In 2015, SeqCenter’s founding team worked together within the walls of an academic lab at the University of Pittsburgh and began sequencing their own samples after consistently being frustrated with the pace, cost, and difficulty of obtaining sequencing data from existing vendors. After perfecting methodologies to allow for the economical sequencing of microbes, they offered the services to colleagues and collaborators. The quickly growing interest from peers indicated they had developed a viable commodity; however, policies that govern not-for-profit academic institutions made a successful business model unattainable within university walls. Hence, in October 2019, the team formed a privately owned business.

Though initially heavily focused on microbial sequencing, SeqCenter evolved to meet the growing demand of customers and the market. With a move to a new 10,000-square-foot facility and installation of all of the highest throughput sequencing instruments (NovaSeq X, Revio, PromethION), SeqCenter now offers sequencing services to a global customer base and is able to provide services for any organism and from most sample types.

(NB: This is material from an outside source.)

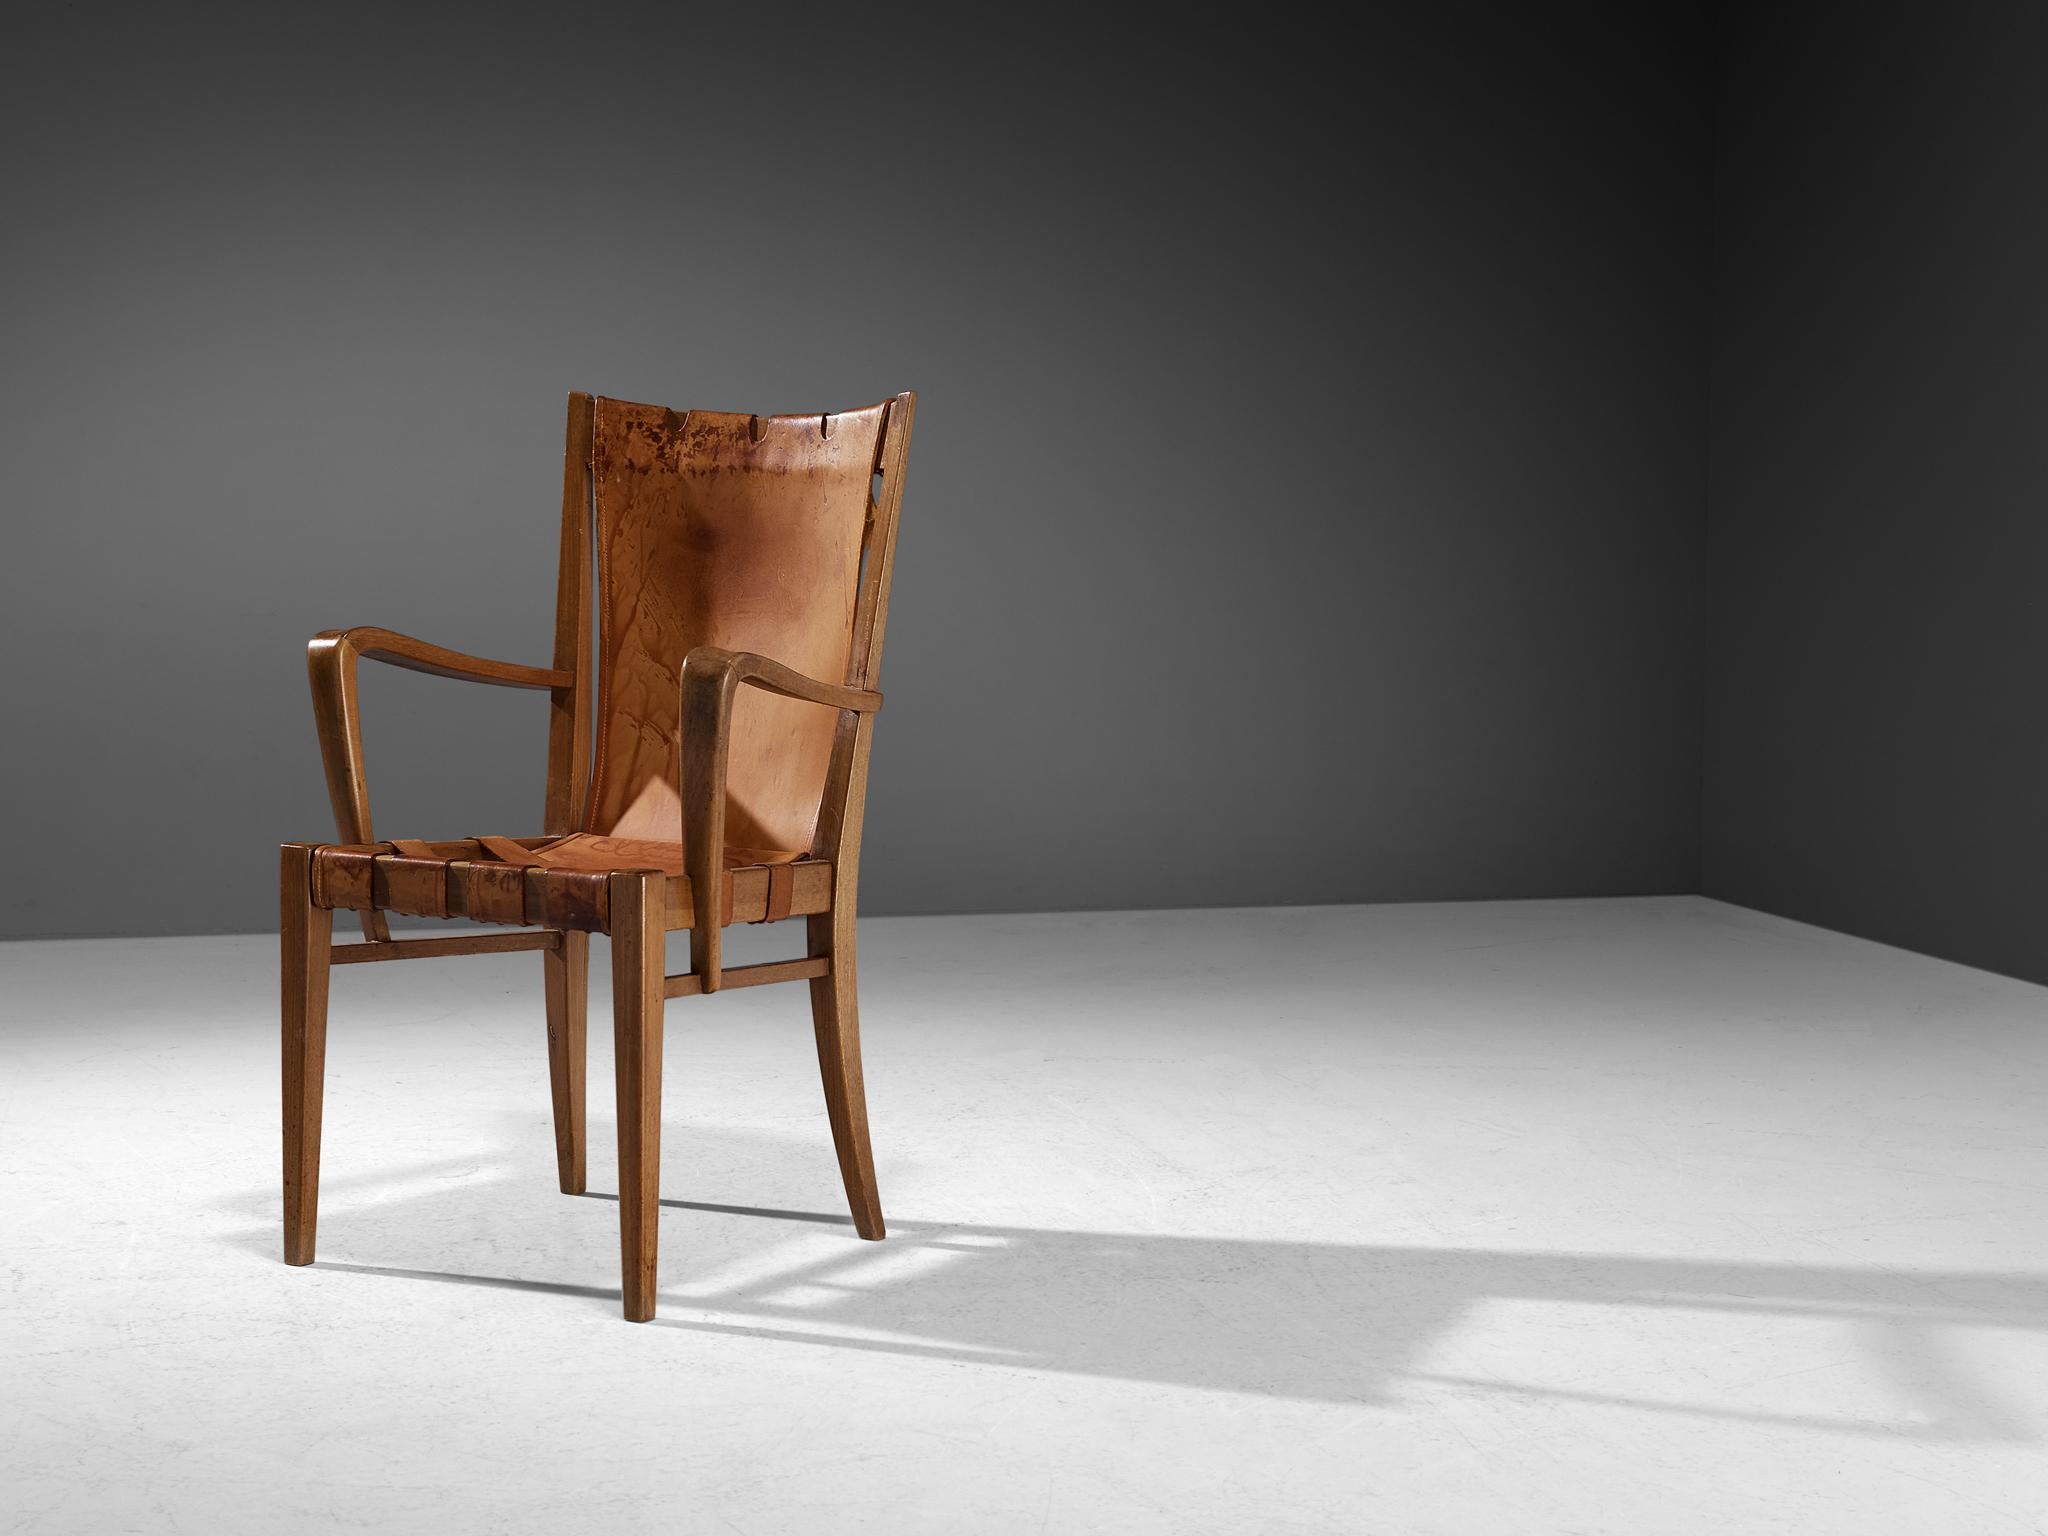 Guglielmo Pecorini, armchair, walnut, leather, brass, Italy, circa. 1940 

This wonderfully sculpted lounge chair is designed by Italian designer Guglielmo Pecorini The sincere construction and type of upholstery, give the chair a character of its

Despite our growth, we still hold true to our original aims:

Aim 1

Provide the speed of service that we wanted as researchers.

We understand that research is often performed through iteration and firmly believe the speed of our services should never bottleneck your work. We maintain a facility that processes samples without a backlog and expand our capacity as needed to ensure this. SeqCenter guarantees sequencing and data delivery within two weeks of receiving your samples.

Aim 2

Offer transparent pricing models that allow all researchers to incorporate sequencing into their work.

The cost of sequencing shouldn’t be a black box secretly calculated on a customer-by-customer basis, and it shouldn’t only be affordable to those with large projects that fill flowcells. Our pricing is published on our website, and we implement methods that allow us to provide sequencing to labs of all sizes, including undergraduate-serving colleges, with services suitable for large-scale analysis or small classes without straining limited budgets. Whether you have one bacterial sample or 1,000 human genomes, SeqCenter can accommodate your project.

Aim 3

Lower the barrier of entry to genomic research.

We know it is challenging for researchers who are unfamiliar with analyzing next-generation sequencing (NGS) data to incorporate it into their studies. We believe NGS results can benefit a broad range of research, from confirming engineered mutants are otherwise isogenic to deeper studies of population dynamics or microbiome composition, and we hope to facilitate labs with no previous experience to take the first steps. We use leading, open-source software written by world-class researchers to produce user-friendly output for customers. We also provide even the most novice user with the means to generate and analyze their own sequencing data in hopes of making this highly useful method accessible to every lab.